What we are really saying about the function $\phi$ is that it is rotationality symmetric. Because $\phi$ is only dependent on $r$, we can write it as:

$$\phi(r) dA$$

2.1.1 Solving for general class of function

We have been talking about polar coordinates up until this point, but we need to keep in mind that each box shown above has an $x$ coordinate and $y$ coordinate in the cartesian space. So, the next assumption that we are going to make is that the $x$ and $y$ dimensions are statistically independent. That is to say that the $x$ coordinate tells us nothing about the $y$ coordinate. This statistical independence allows us to express our probability in another way:

$$\phi(r) dA = f(x)f(y)dA$$

In english the above just says that $\phi(r) dA$ is equal to a new probability density function $f$ taking in $x$, times this new pdf $f$ taking in $y$ times $dA$. The reason for the multiplication is because we are assuming statistical independence. The reason that we use $f$ to operate on both $x$ and $y$ is because there is no special distinction between $x$ and $y$. At this point we can cancel out the $dA$'s and reveal the equality between of probability density functions:

$$\phi(r) = f(x)f(y)$$

Recall, that in polar coordinates:

$$r = \sqrt{x^2 + y^2}$$

Hence, we can write:

$$\phi\big(\sqrt{x^2 + y^2}\big) = f(x)f(y)$$

You may be thinking that we are currently building up a large number of unknowns and functions, making things more complicated at each step. However, that is the beauty of this proof! There is a precise relationship between $\phi$ and $f$ that makes this process worth while!
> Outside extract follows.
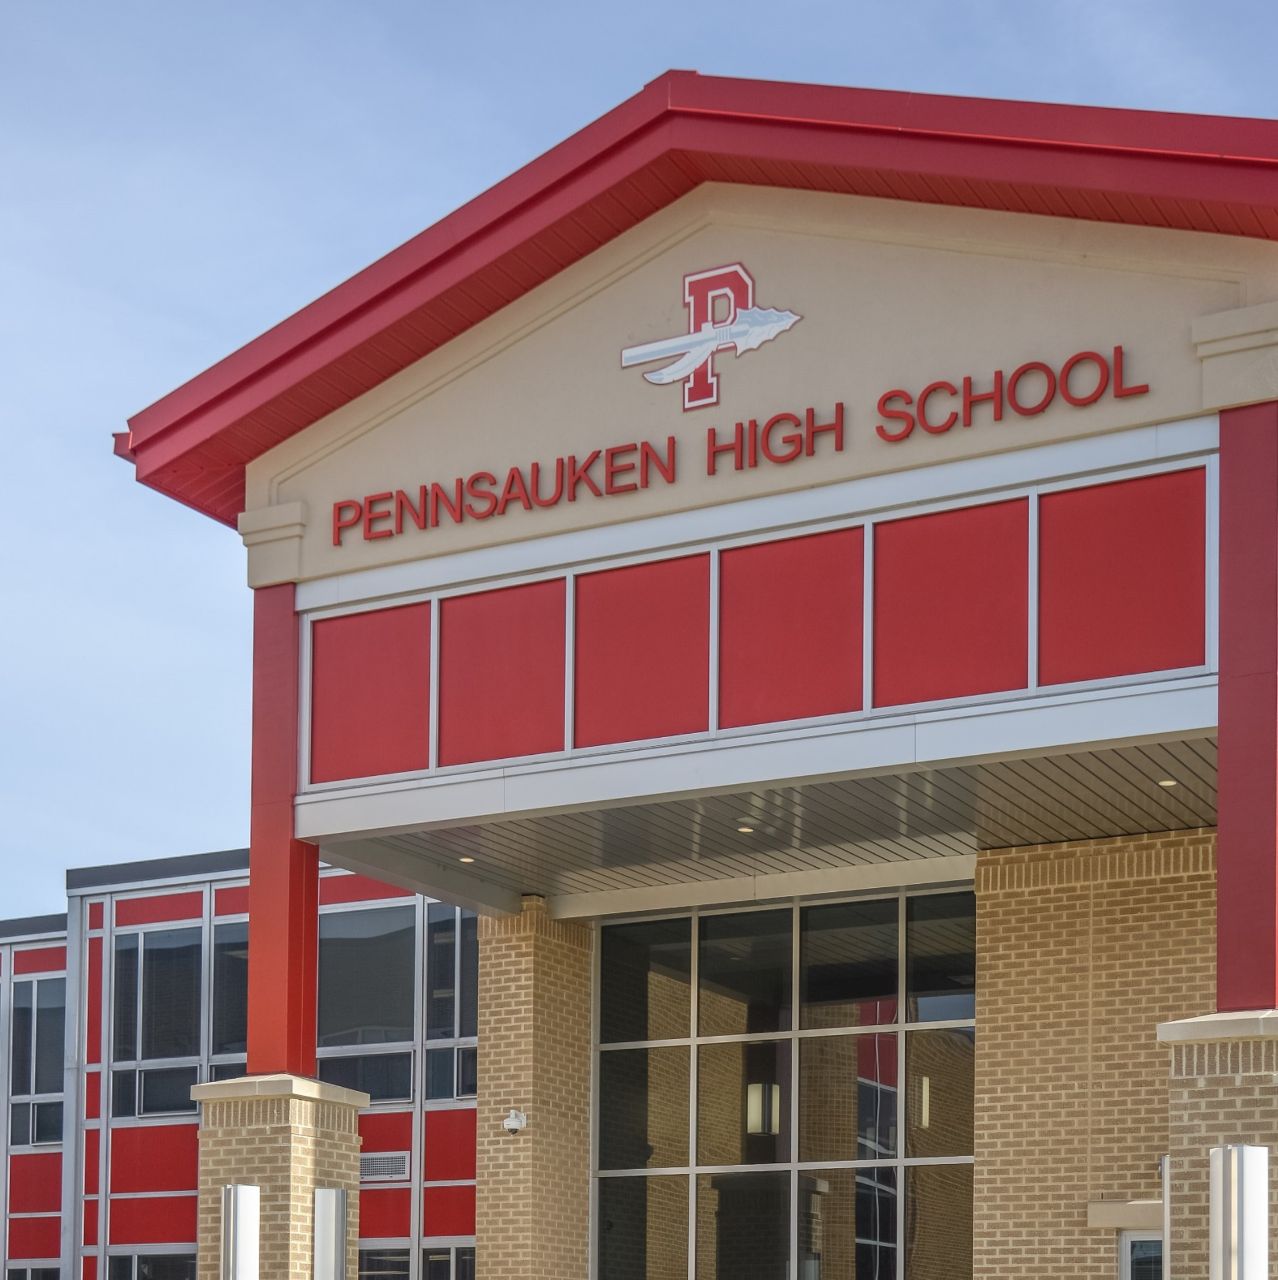 Pennsauken high school

Let's set $y=0$. This is completely fine because if the above statement is true in general it obviously must be true in a specific case, namely where $y=0$:

$$\phi\big(\sqrt{x^2 + 0^2}\big) = f(x)f(0)$$$$\phi(x) = f(x)f(0)$$

Realize that $f(0)$ is simply some unknown constant (whatever $f$ evaluates to for a given input 0). We will refer to that constant as $\lambda$:

$$\lambda = f(0)$$

This allows us to write:

$$\phi(x) = \lambda f(x)$$

The takeaway from the above is that the function $\phi$ operating on any particular input, is but a scalar multiple, $\lambda$, of $f$ operating on that same input. That is to say that $\phi$ is just some scalar multiple of $f$, namely $\lambda$. With that knowledge, we can return to our earlier line:

$$\phi \big(\sqrt{x^2 + y^2}\big) = f(x)f(y)$$

Now, the input to $\phi$ above may look complex, but it is really just one value, namely the result of $\sqrt{x^2 + y^2}$ being inputed into $\phi$. Now, because $\phi$ is a scalar multiple, $\lambda$, of $f$, we can use the relationship we just derived to see:

$$\phi \big(\sqrt{x^2 + y^2}\big) = \lambda f(\sqrt{x^2 + y^2}) = f(x)f(y)$$

And just like that we were able to get rid of the probability density function $\phi$, leaving us with the functional equation:

$$ \lambda f(\sqrt{x^2 + y^2}) = f(x)f(y)$$

$f$ is the function that we actually care about in this functional equation, but we will make a little modification first. To show this we will divide each side by $\lambda ^2$:

$$\frac{f(x)}{\lambda} \frac{f(y)}{\lambda} = \frac{f(\sqrt{x^2 + y^2})}{\lambda}$$

At this point we can define a new function, namely $g(x)$, that is equal to:

$$g(x) = \frac{f(x)}{\lambda}$$$$g(x)g(y) = g(\sqrt{x^2 + y^2})$$

Our goal is to find $g$ which in turn will allow us to easily find $f$, since $f$ is just a scalar multiple of $g$. So, we are trying to find functions that have the property where if we take $g(x)$ and multiply it by $g(y)$ it will be equal to $g\big(\sqrt{x^2 + y^2})$. It is not immediately obvious which sorts of functions will have this particular property, but we can actually solve this functional equation via inspection!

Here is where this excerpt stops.